En medio de la confusión provocada por la sistemática incomunicación en nuestros espacios públicos y privados, lo difícil es no perder el centro. Las identidades se quedan relegadas a una que otra memoria fragmentada y la brújula que guiaba los caminos, parece haberse quedado en el trastero.
Esta es la situación que nos acompaña cuando interpretamos experiencias y emociones, basándonos exclusivamente en la propia vivencia. Si nos limitamos a este único punto de visita, por importante, positivo o traumático que sea, corremos el riesgo de ignorar que lo habitual no siempre es lo normal.
Hace falta entonces otro paso, el de observarnos cuidadosamente como parte de algo más extenso: una familia, un grupo social, un país, un continente, un planeta, que afectan desde el comienzo de nuestra existencia, para bien o para mal, la forma de estar en el mundo en el que transitamos nuestras vidas.

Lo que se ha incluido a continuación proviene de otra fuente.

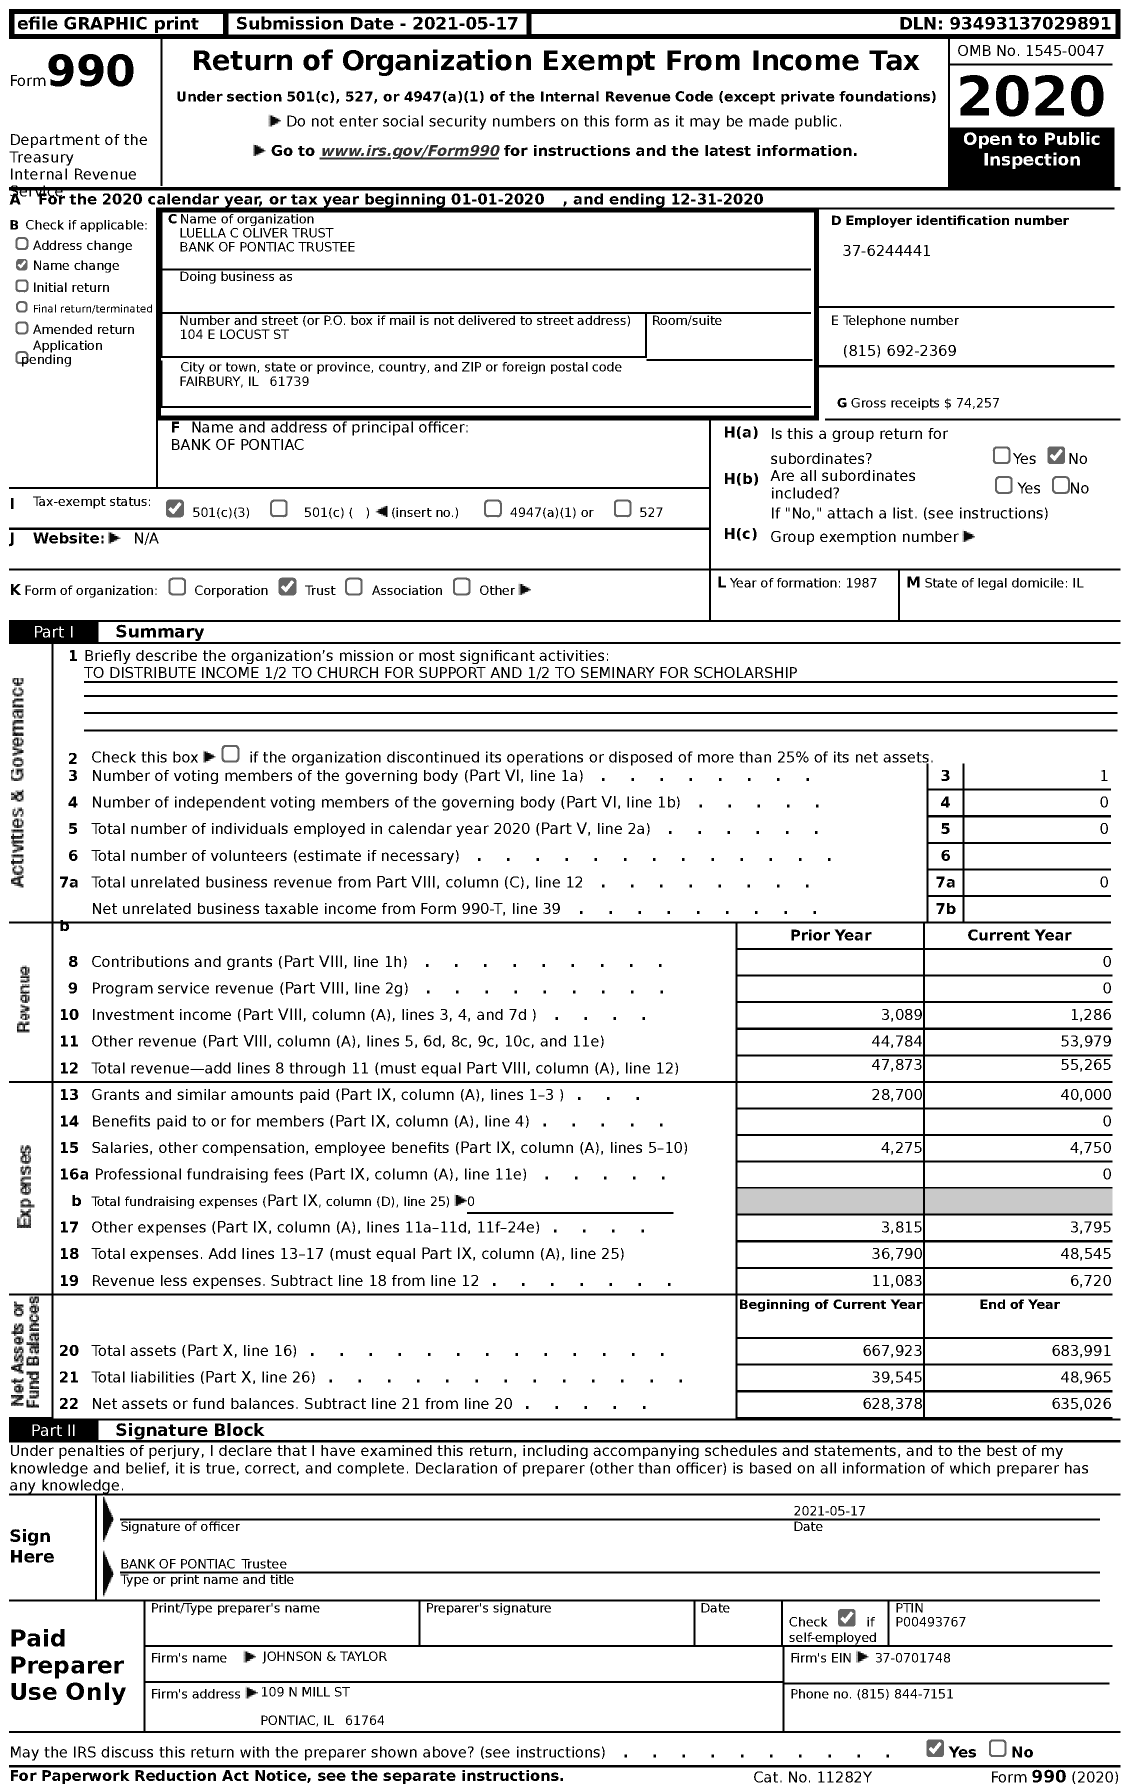 Image of first page of 2020 Form 990 for Luella C Oliver Trust Bank of Pontiac Trustee

Así es como en la vida personal más cotidiana, suelen repetirse modelos de relación con nosotros mismos y con los demás, que nunca pensaríamos que podrían ser de otra manera, aunque no nos gusten, aunque nos dañen, nos enfermen o no nos satisfagan
Algunas personas transitan su vida entre amplios vacíos de memoria y fugaces recuerdos, hasta que aparece algún síntoma imposible de esquivar. De pronto, con gran esfuerzo y una alta dosis de valentía, se acercan a la consulta de Psicoterapia con el objetivo de desvelarse a sí mismas, y en el proceso se van encontrando con importantes disonancias entre sus interpretaciones cognitivas y sus más profundas emociones. Con inmensa sorpresa es frecuente descubrir que lo habitual no siempre es lo normal:
El maltrato habitual no es lo normal
Esto siempre me recuerda un libro titulado: Mi marido me pega lo normal, de Miguel Lorente Acosta, quien desarrolla su escrito a partir del cuestionamiento sobre cómo una mujer puede llegar a normalizar el maltrato en su propia piel. Desde su publicación en 2009, algo más se ha avanzado en el tema (al menos teóricamente), pero sigue siendo interesante y su título muy ilustrativo.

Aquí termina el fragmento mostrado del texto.